Solution Approach 2:
The system introduces an intermediary optimization layer between the MES and shop floor operations. This intermediary processes raw production data, applies optimization algorithms, and generates optimized schedules and staffing plans, thereby improving productivity without directly complicating the underlying MES or production operations.
3Speed
If real-time performance monitoring and dynamic schedule adjustment are implemented, then response time to unforeseen changes is reduced, but data processing requirements and computational load increase
Solution Approach 1:
The system implements partial real-time monitoring by continuously tracking only the most critical performance parameters and constraints that impact schedule feasibility. Less critical data is updated periodically rather than in real-time, reducing computational load while maintaining adequate response speed to significant changes.
Solution Approach 2:
The system uses periodic optimization cycles where schedules are dynamically adjusted at scheduled intervals or when trigger conditions are met, rather than continuously recalculating.

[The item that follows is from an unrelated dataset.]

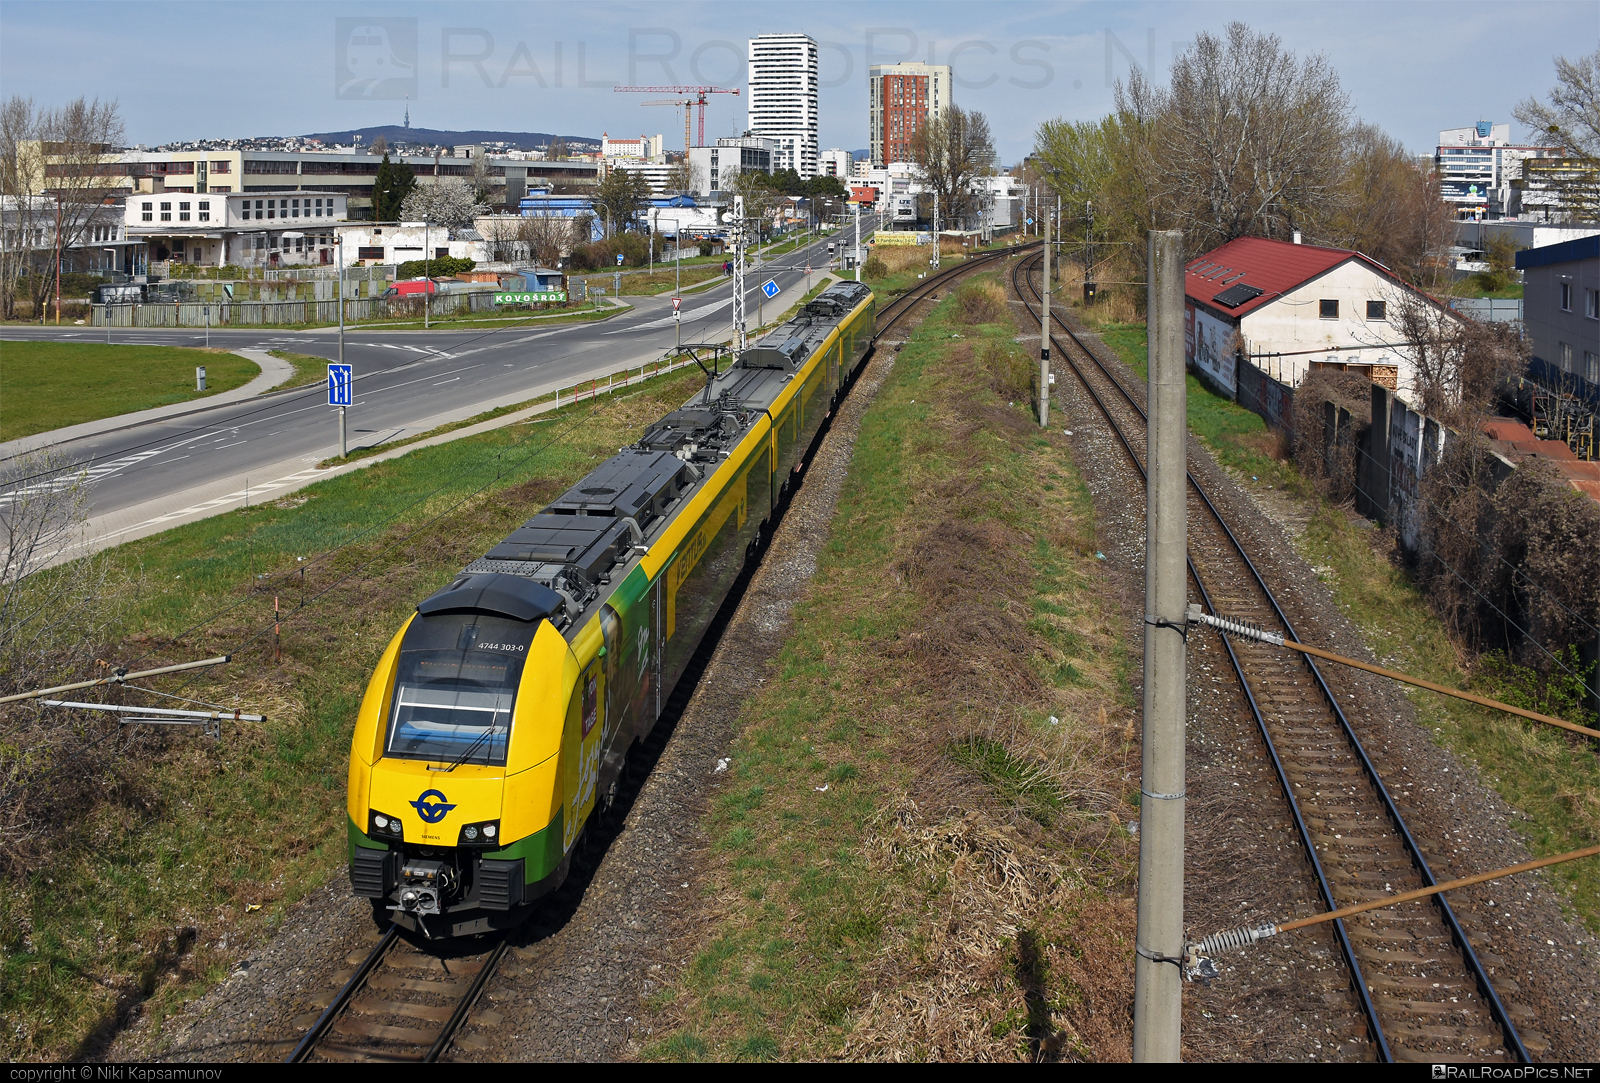 Siemens Desiro ML - 4744 303-0 operated by GYSEV - Györ-Sopron-Ebenfurti Vasut Részvénytarsasag #desiro #desiroml #gyorsopronebenfurtivasutreszvenytarsasag #gysev #raaboedenburgebenfurtereisenbahn #raaboedenburgebenfurtereisenbahnag #roeee #siemens #siemensdesiro #siemensdesiroml #ventus

This periodic approach maintains responsive behavior to changes while significantly reducing computational resource consumption compared to continuous optimization.
Data Source
AI summary
A system includes a controller having a memory configured to store instructions and one or more processors. The controller is configured to receive a constraint time from a first database and a plurality of production times from a second database. The controller identifies one or more outlier production times of the plurality of production times that fall below a lower constraint time limit or exceed an upper constraint time limit. The controller removes the one or more outlier production times from the plurality of production times, determines a mean production time based on the plurality of production times, and generates a notification in response to the mean production time exceeding an upper threshold time or falling below a lower threshold time.